Python Developer
WHR Global Consulting
Job Overview
Technical Expertise: Proficiency in Python, experience with Flask or Django, and SQL knowledge. Key Responsibilities: Design, build, and deploy backend systems, integrate machine-learning models, and diagnose production issues. Collaboration: Work closely with founders and cross-functional teams to define and ship new product features. Production Experience: Maintain backend components supporting real users and familiarity with AWS, GCP, or similar cloud services.
Responsibilities
This is a hands-on backend role on a tiny, high-caliber founding team. As a Software Developer, you’ll help build the core platform that powers their AI-driven CAD tools for hardware engineers. You’ll work primarily in Python, owning backend features end-to-end—from design and implementation through testing and deployment—while collaborating closely with the founders on product direction.
What you’ll do
- Design, build, and maintain robust, scalable backend services in Python.
- Develop APIs and backend components that power AI-driven CAD workflows and improve overall system performance.
- Collaborate with founders and cross-functional partners to define, design, and ship new product features.
- Participate in code reviews, testing, and debugging to ensure high-quality, reliable software.
- Implement and integrate machine-learning models and algorithms into production features (with support from the ML team).
- Diagnose and resolve production issues; improve observability and reliability over time.
- Contribute across the full development lifecycle, from early technical design through launch and iteration.
- Stay current on relevant backend, cloud, and ML tooling and bring practical, modern solutions back to the team.
Qualifications
- Looking for a strong Python backend engineer who is excited about AI-driven products and comfortable working in a fast-moving, high-ownership startup environment.
- Core engineering skills
- 1–4+ years of professional experience as a Software Developer / Software Engineer (or equivalent experience from internships + projects).

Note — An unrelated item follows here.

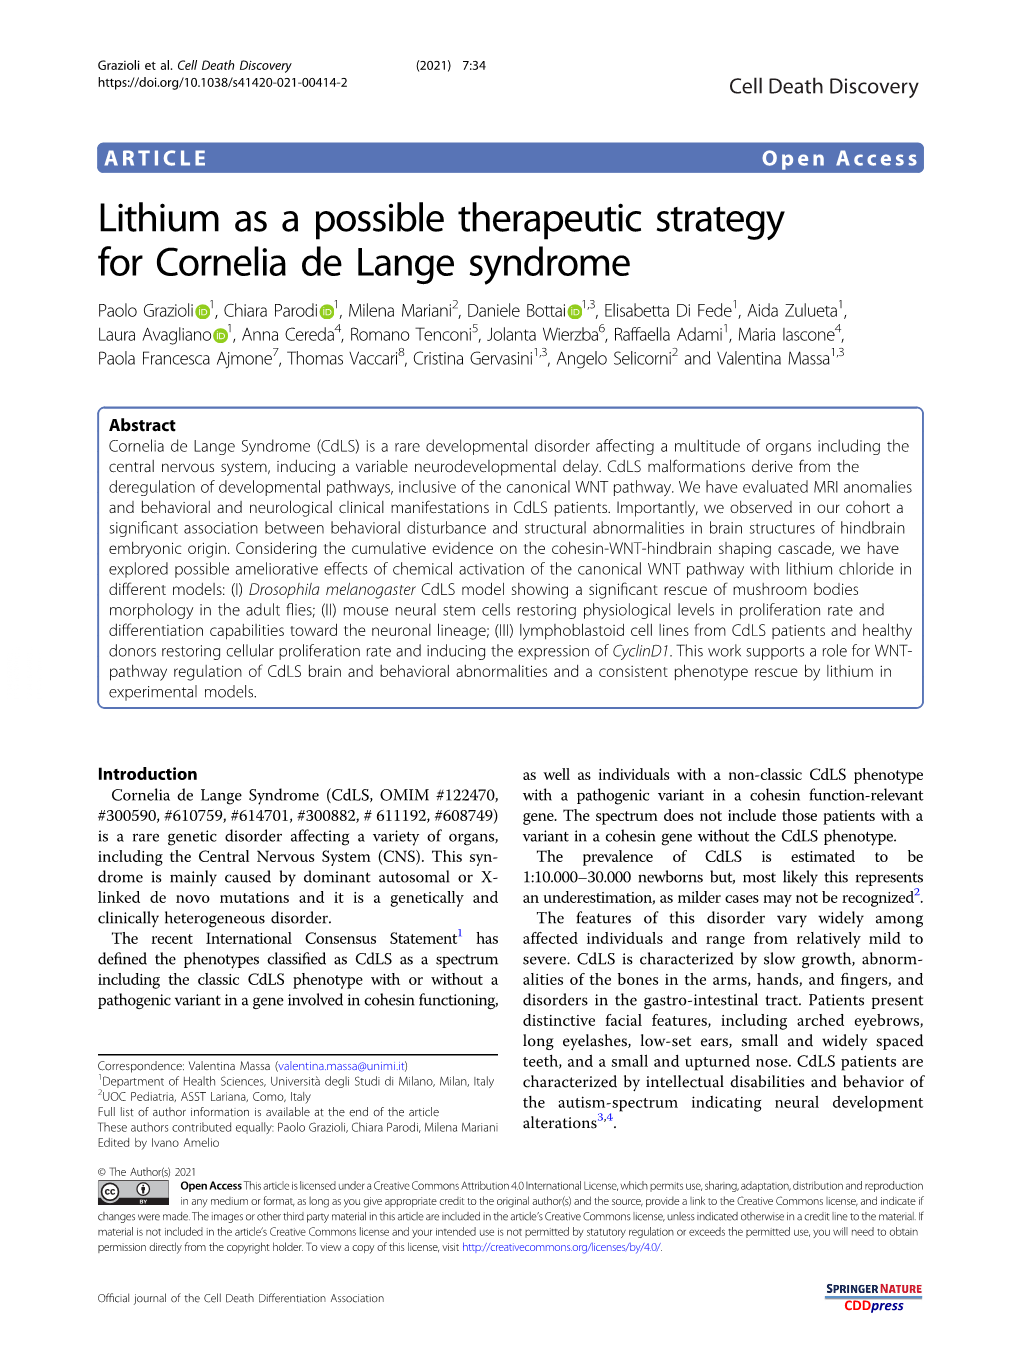 Lithium As a Possible Therapeutic Strategy for Cornelia De Lange Syndrome

- Strong proficiency in Python and modern software engineering practices (testing, code review, version control).
- Experience building backend services and APIs using frameworks such as Flask or Django.
- Working knowledge of SQL and relational databases; able to design, query, and optimize schemas.
- Backend & product experience
- Experience building and maintaining server-side components that support real users in production.
- Familiarity with basic cloud infrastructure (AWS, GCP, or similar) and deploying backend services.
- Comfortable debugging performance issues and improving responsiveness and reliability over time.
- Machine learning exposure
- Familiarity with machine-learning concepts and tools (e.g., NumPy, PyTorch/TensorFlow, scikit-learn).
- Interest in working closely with ML engineers to integrate models into product features—even if you’re not an ML expert yet.
- Startup mindset & collaboration
- Ability to thrive in a fast-paced, early-stage startup: you’re comfortable wearing multiple hats and dealing with ambiguity.
- Strong ownership mentality—willing to take responsibility for projects end-to-end.
- Excellent problem-solving skills, attention to detail, and a bias toward shipping.
- Clear, direct communication and strong teamwork skills; you’re comfortable working closely with a small, highly technical founding team.
- Bachelor’s degree in Computer Science, Engineering, or a related field, or equivalent practical experience.
Ideal Candidate
Product-minded builder who loves turning ideas into reliable, maintainable code. You’re fluent in Python, comfortable with backend frameworks like Flask or Django, and you care about performance, correctness, and clean abstractions. You’re curious about how ML can power better tools, even if you’re not an ML expert yet, and you’re excited to work closely with founders and customers to ship the right thing — not just more lines of code. Most of all, you like small teams, high ownership, and the idea of spending the next few years working on a single, hard problem: making AI-powered CAD the new standard for hardware design.